A couple of years ago, our oil burner died. Most people, faced with this situation would have paid the gas company to lay another hundred twenty feet of gas line and switch to gas, but we decided to stick with fuel oil. Our furnace man convinced us to buy a Thermopride furnace (he said it was the only kind he would install), made right down in Indiana, life-time warranty on the fire box. All in all, we got us a solid piece of American machinery. And it even looks good, a porcelain enamel surface in a mauve color.

http://www.thermopride.com/

So when we saw an exact copy of our $2000 furnace at the Re-Store second hand building supply store for $100, we couldn't resist buying it, so Chris could heat his pole barn, to more comfortably work on my car. Some guys at the Re-Store helped us load it in the truck, but Chris unloaded it all by himself. Here is a picture of him doing it with the use of his Ford 8N.

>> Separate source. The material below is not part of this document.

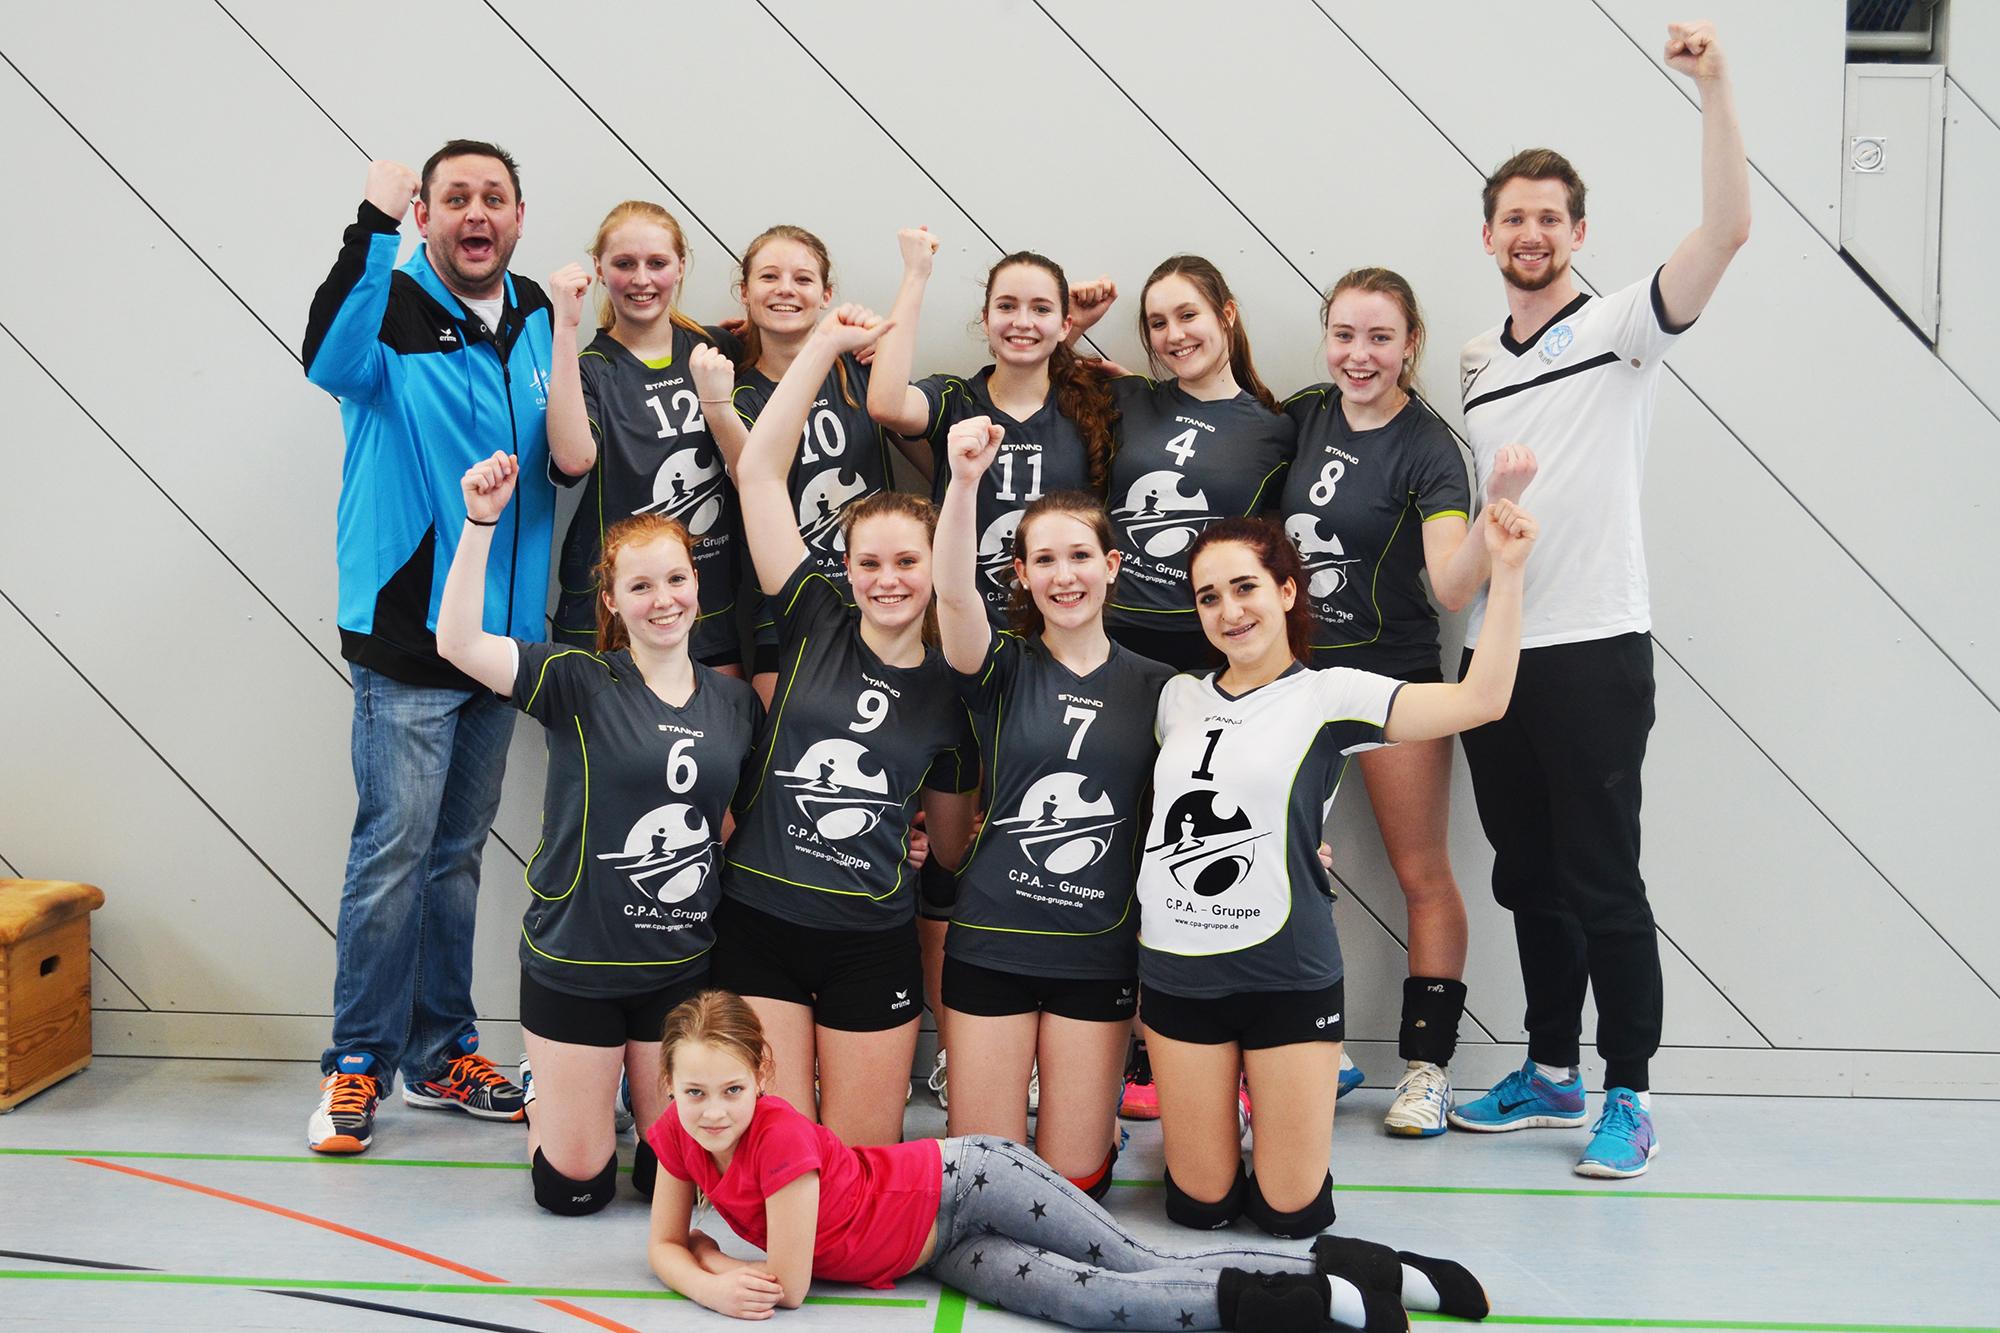 N.H. Young Volleys - Jugend U18
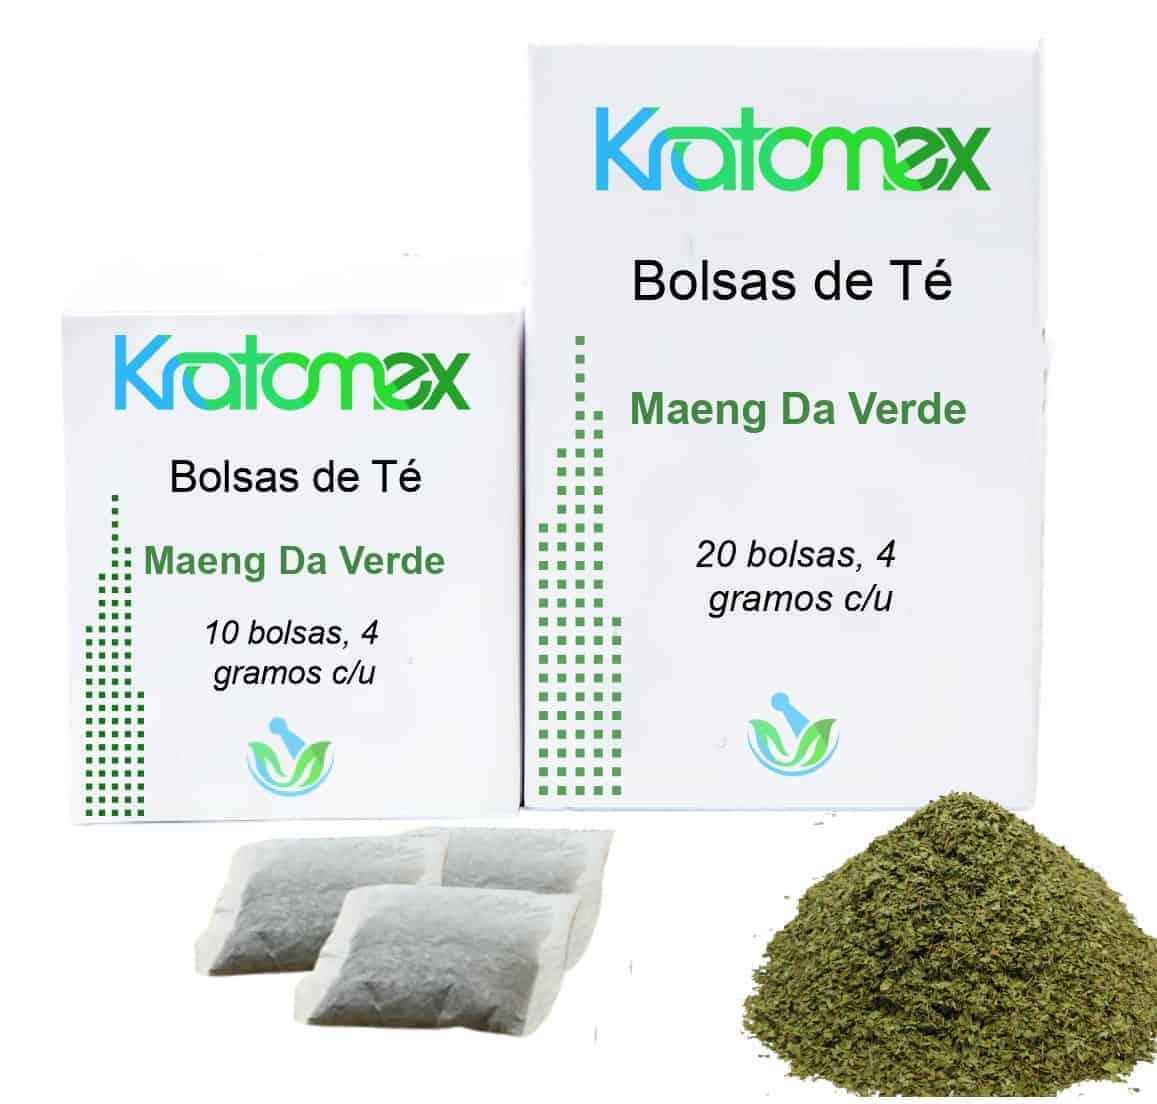 Cajas de Bolsas de Té de Maeng Da Verde Kratom y hojas de Maeng Da Verde Kratom

Well, it turned out that was the easy part, getting the furnace. Now he needed an oil tank. His friend Jonas, who lives downtown, has been wanting to get an old 275-gallon tank out of his basement for years, and so Chris spent a good part of a day extracting this steel tank from Jonas's basement, again, by himself (though I helped load it on the truck.) He got this all the way home before realizing the bottom of the tank was covered with pinhole leaks.

So now my brother George gave Chris another 275-gallon tank, the better of the two he had lying in his side yard. We got it on the truck and home before Chris discovered pin hole leaks around the intake valve. Shoot. Does anybody have a mint condition oil tank (without leaks) to donate? I'll help put it on the truck.